*DATASET SECTION*
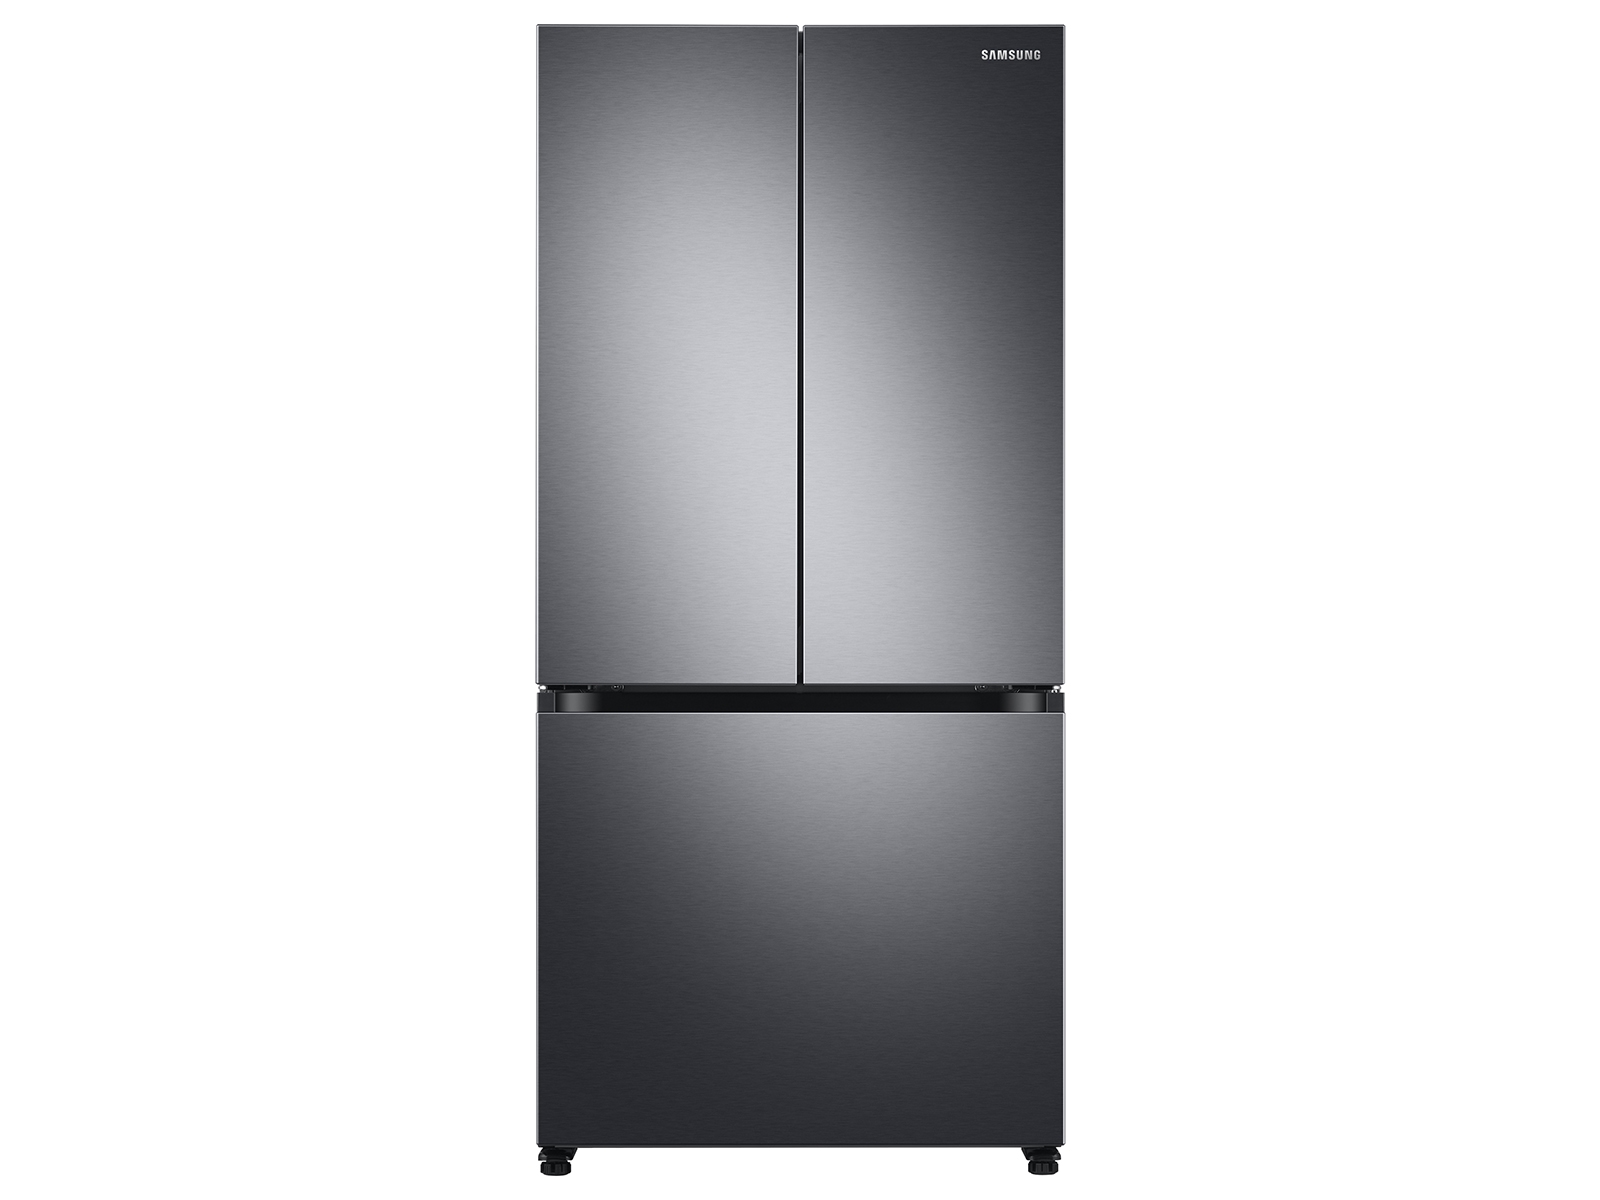 movimiento algun lado Credencial 18 cu. refrigerador inteligente de 3 puertas y 3 puertas con profundidad de  mostrador en Neveras negras de acero inoxidable - RF18A5101SG / AA |  Samsung EE.UU.
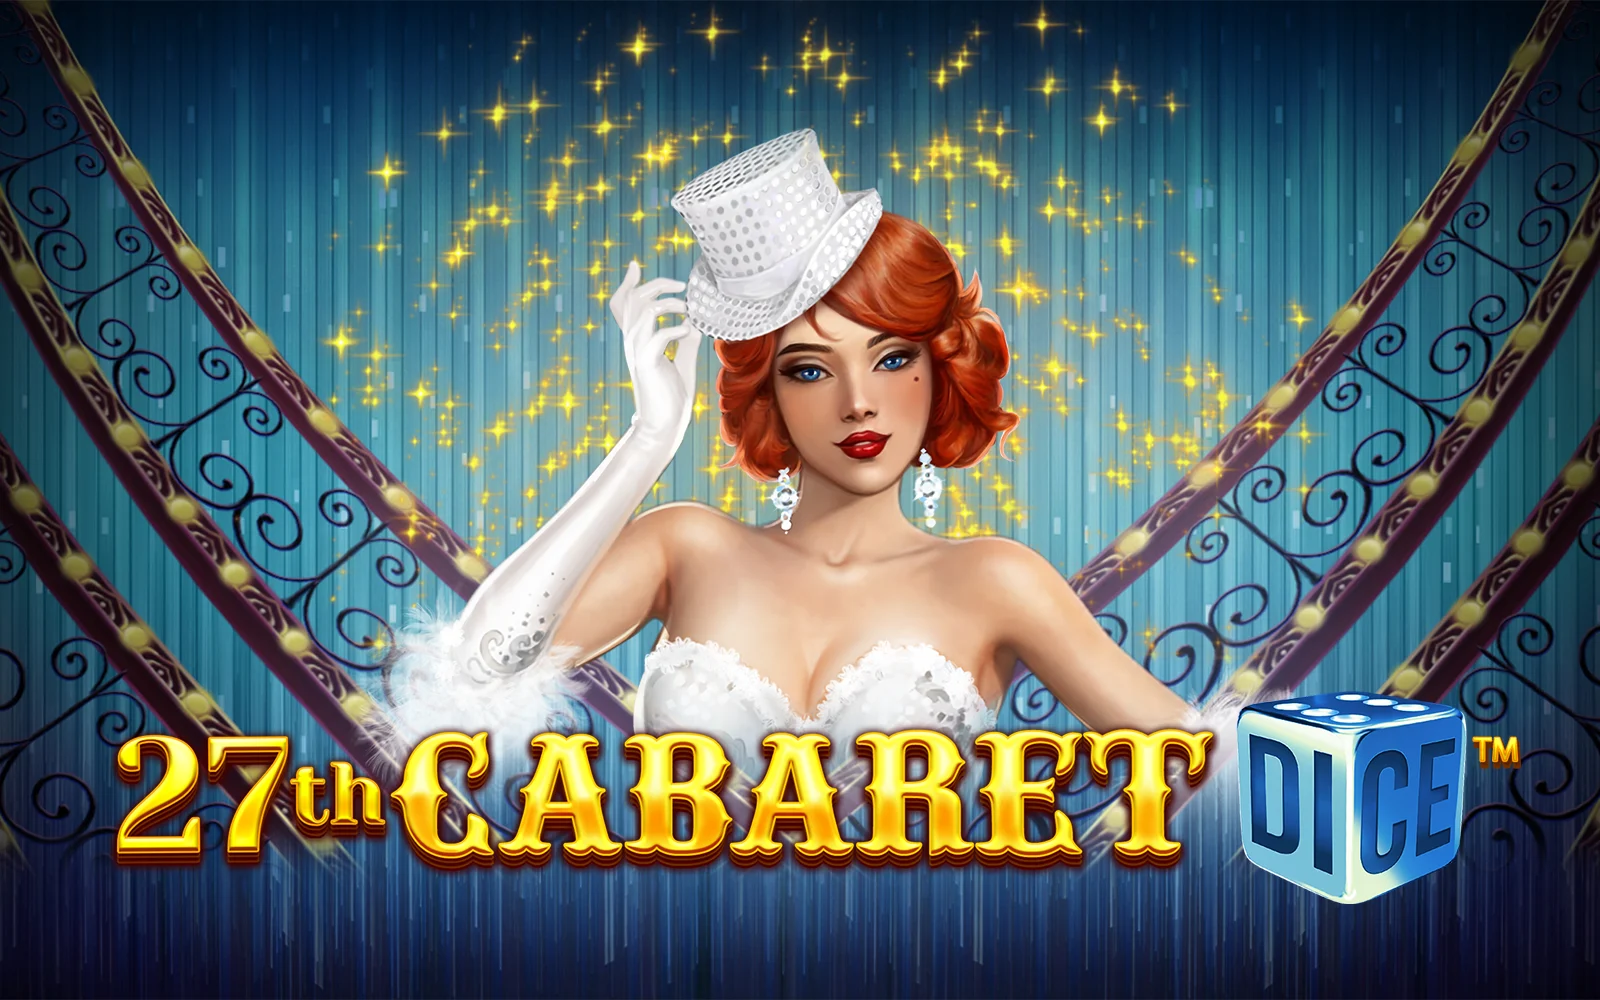 Joacă 27th Cabaret Dice în cazinoul online Starcasino.be
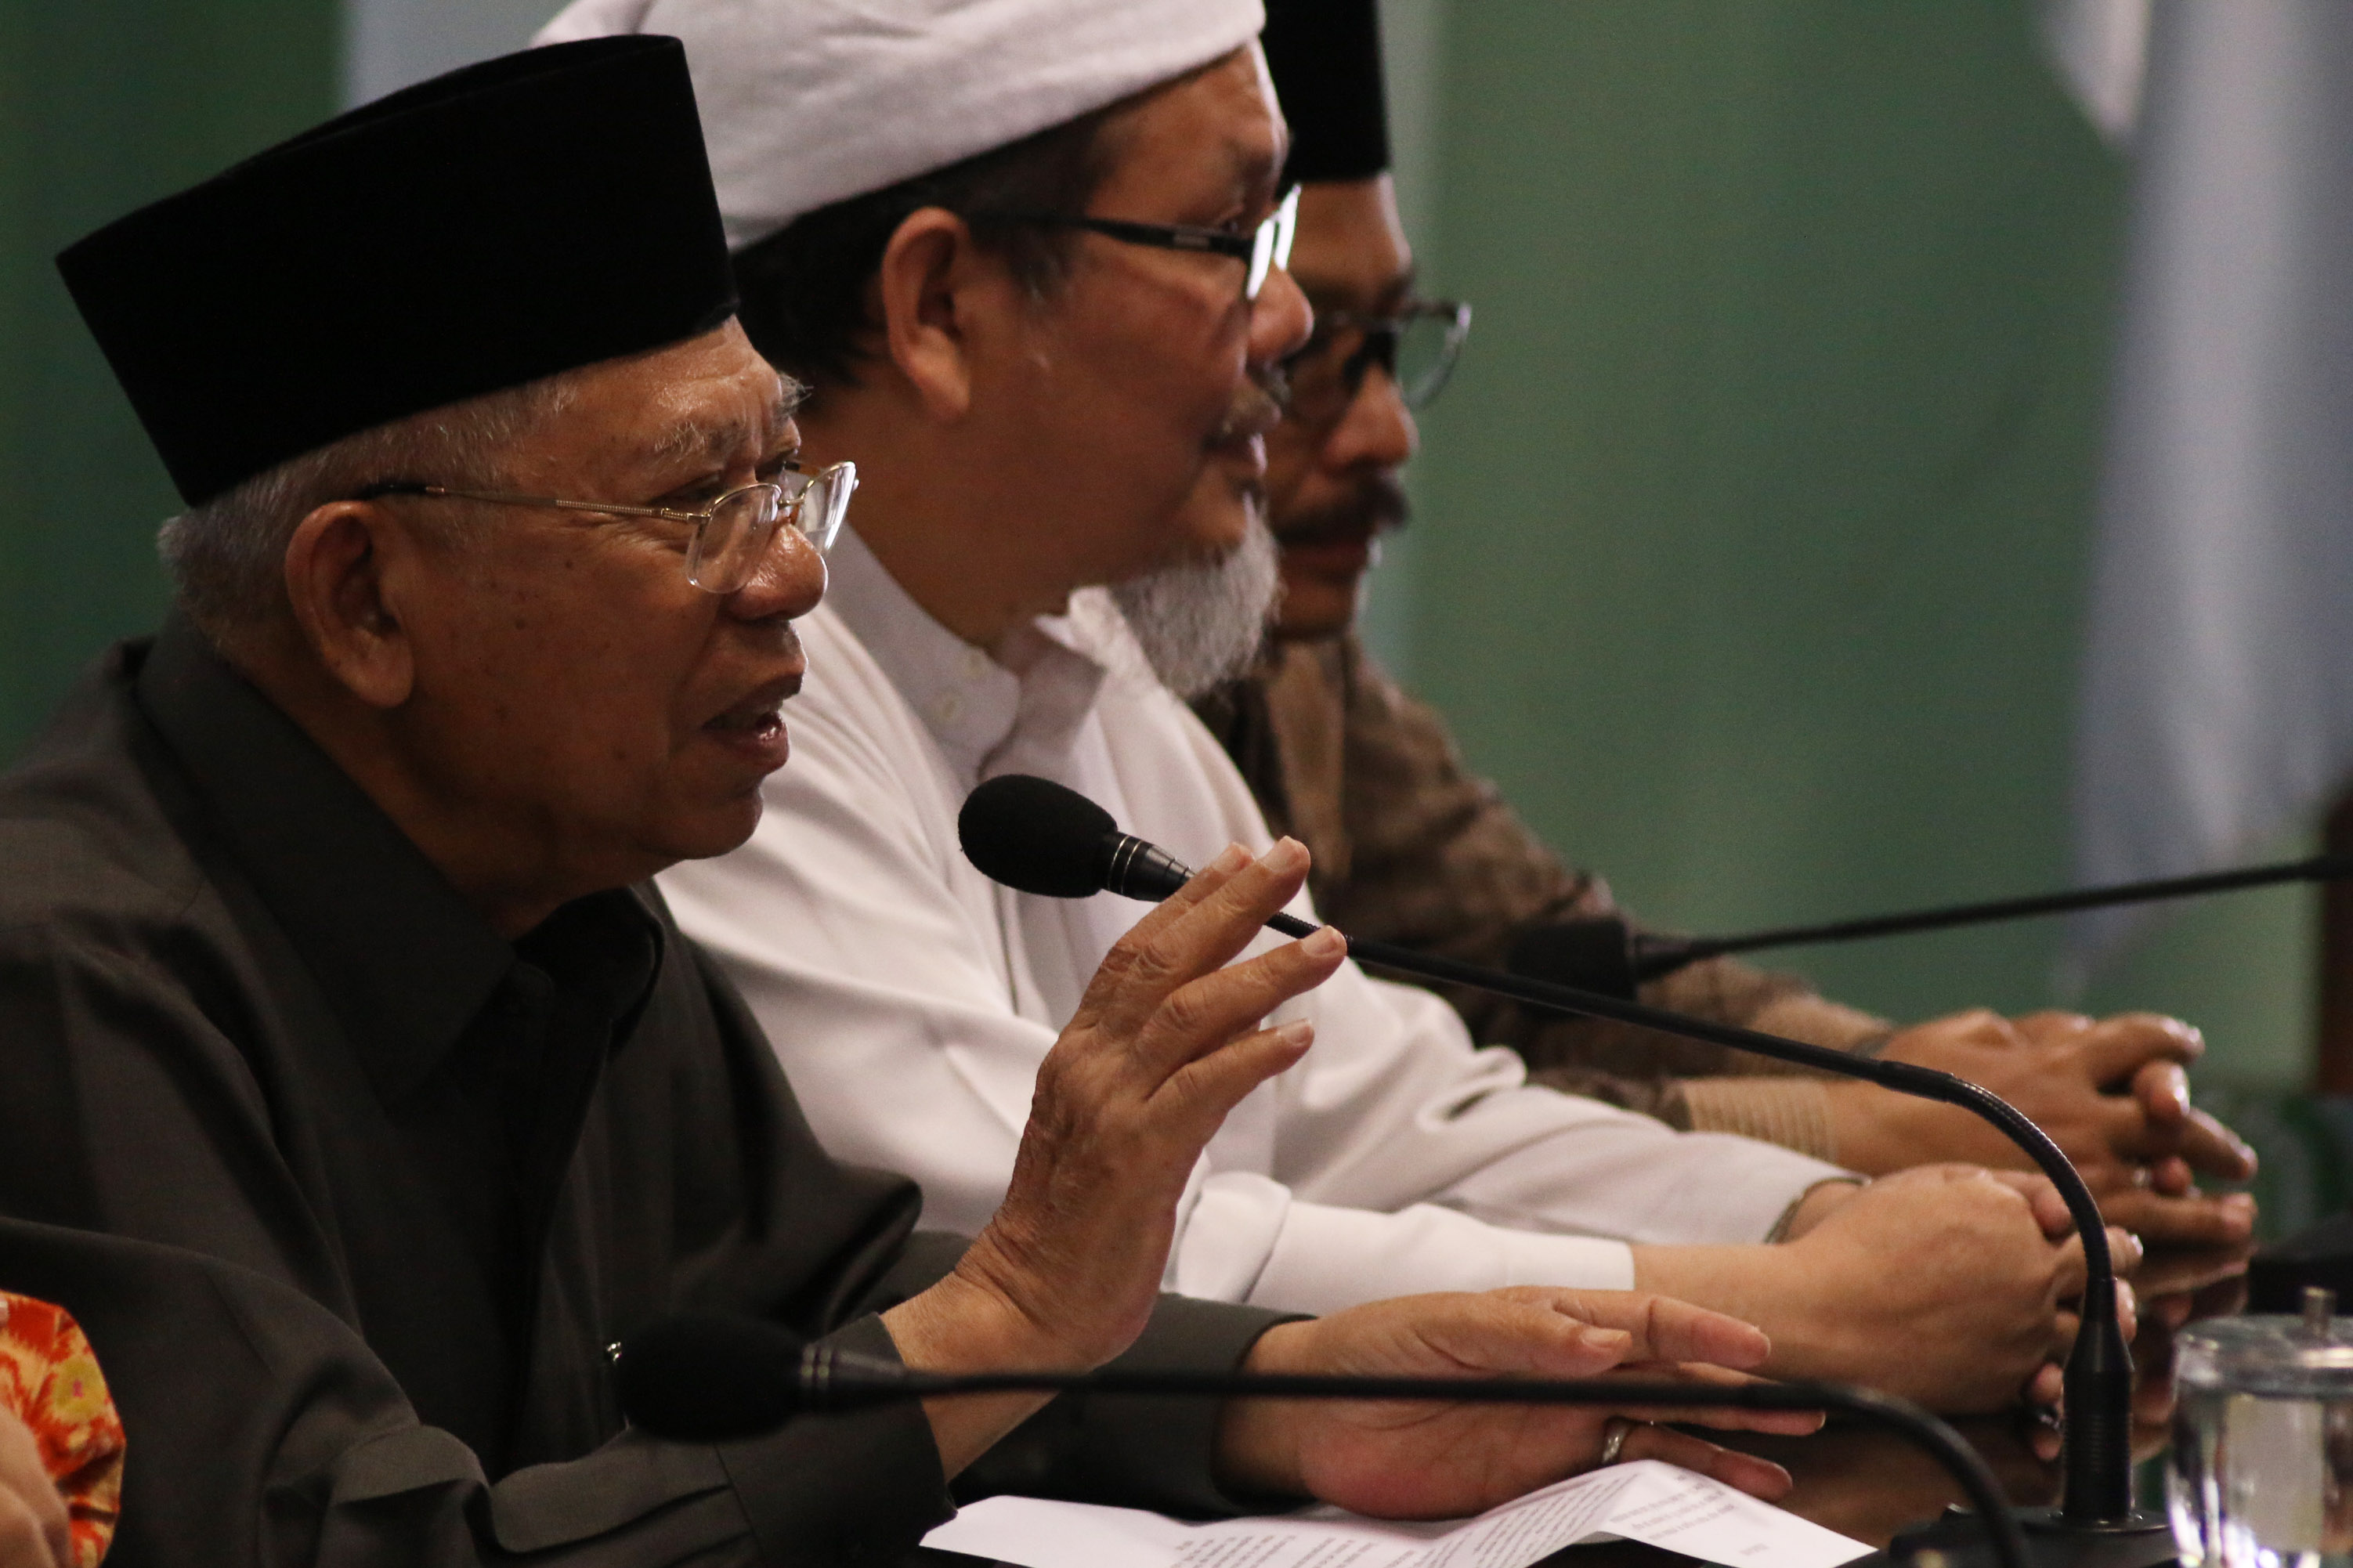 Ketua Umum Majelis Ulama Indonesia (MUI) Pusat, Maruf Amin (kiri) bersama Wakil Sekretaris Jenderal MUI Tengku Zulkarnain (tengah), dan Bendahara MUI Iing Solihin (kanan) memberikan keterangan pers kepada wartawan terkait penistaan agama yang dilakukan ole

*WHAT YOU SHOULD DO*
Exactly as they appear, print the lines of the listing above from its first line through the line that contains "Joacă 27th Cabaret", minus the pictures.

*SOLUTION TO THE PROBLEM*
 movimiento algun lado Credencial 18 cu. refrigerador inteligente de 3 puertas y 3 puertas con profundidad de  mostrador en Neveras negras de acero inoxidable - RF18A5101SG / AA |  Samsung EE.UU.
 Joacă 27th Cabaret Dice în cazinoul online Starcasino.be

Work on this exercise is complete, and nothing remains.